F Sharp Programming/Sequences

Previous: Lists Index Next: Sets and Maps
F# : Sequences

Sequences, commonly called sequence expressions, are similar to lists: both data structures are used to represent an ordered collection of values. However, unlike lists, elements in a sequence are computed as they are needed (or "lazily"), rather than computed all at once. This gives sequences some interesting properties, such as the capacity to represent infinite data structures.

Defining Sequences

edit

Sequences are defined using the syntax:

seq { expr }

Similar to lists, sequences can be constructed using ranges and comprehensions:

> seq { 1 .. 10 };; (* seq ranges *)
val it : seq<int> = seq [1; 2; 3; 4; ...]

> seq { 1 .. 2 .. 10 };; (* seq ranges *)
val it : seq<int> = seq [1; 3; 5; 7; ...]
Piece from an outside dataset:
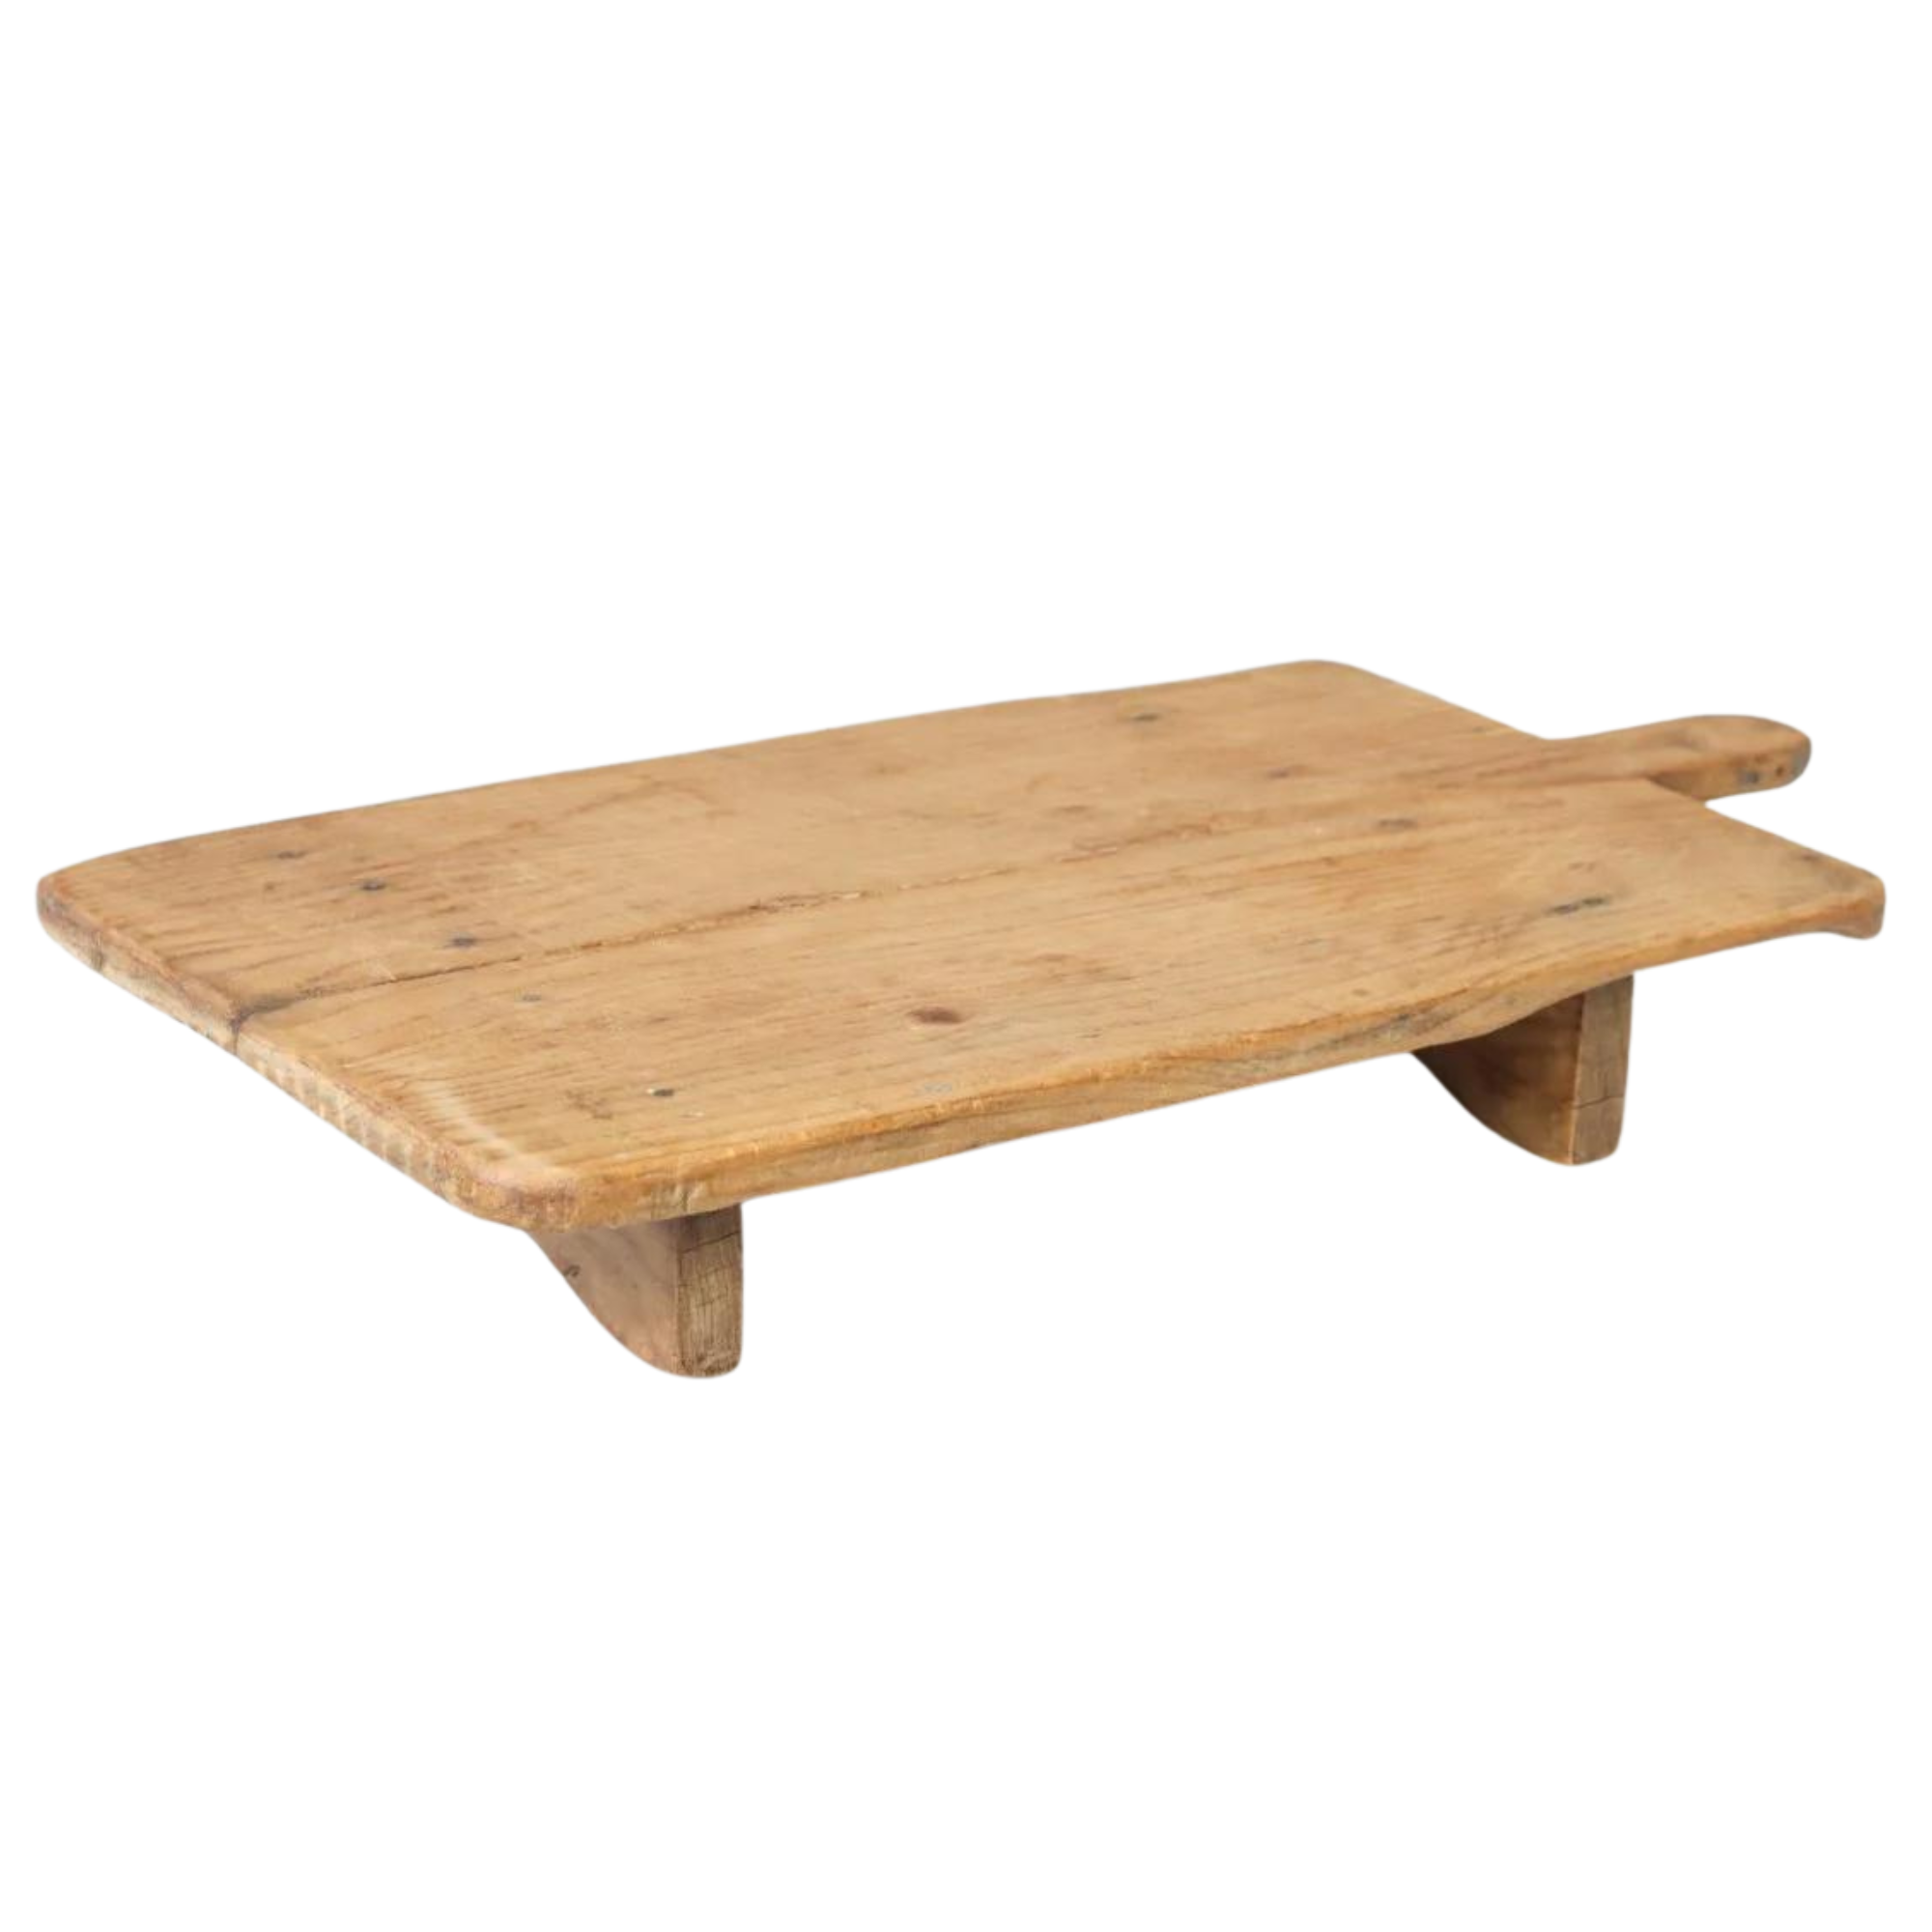 Found Rectangle Footed Board

> seq {10 .. -1 .. 0};; (* descending *)
val it : seq<int> = seq [10; 9; 8; 7; ...]

> seq { for a in 1 .. 10 do yield a, a*a, a*a*a };; (* seq comprehensions *)
val it : seq<int * int * int>
= seq [(1, 1, 1); (2, 4, 8); (3, 9, 27); (4, 16, 64); ...]

Sequences have an interesting property which sets them apart from lists: elements in the sequence are lazily evaluated, meaning that F# does not compute values in a sequence until the values are actually needed. This is in contrast to lists, where F# computes the value of all elements in a list on declaration. As a demonstration, compare the following:

> let intList =
    [ for a in 1 .. 10 do
        printfn "intList: %i" a
        yield a ]
        
let intSeq =
    seq { for a in 1 .. 10 do
            printfn "intSeq: %i" a
            yield a };;

val intList : int list
val intSeq : seq<int>

intList: 1
intList: 2
intList: 3
intList: 4
intList: 5
intList: 6
intList: 7
intList: 8
intList: 9
intList: 10

> Seq.item 3 intSeq;;
intSeq: 1
intSeq: 2
intSeq: 3
intSeq: 4
val it : int = 4

> Seq.item 7 intSeq;;
intSeq: 1
intSeq: 2
intSeq: 3
intSeq: 4
intSeq: 5
intSeq: 6
intSeq: 7
intSeq: 8
val it : int = 8

The list is created on declaration, but elements in the sequence are created as they are needed.

As a result, sequences are able to represent a data structure with an arbitrary number of elements:

> seq { 1I .. 1000000000000I };;
val it : seq<bigint> = seq [1I; 2I; 3I; 4I; ...]

The sequence above represents a list with one trillion elements in it. That does not mean the sequence actually contains one trillion elements, but it can potentially hold one trillion elements. By comparison, it would not be possible to create a list [ 1I .. 1000000000000I ] since the .NET runtime would attempt to create all one trillion elements up front, which would certainly consume all of the available memory on a system before the operation completed.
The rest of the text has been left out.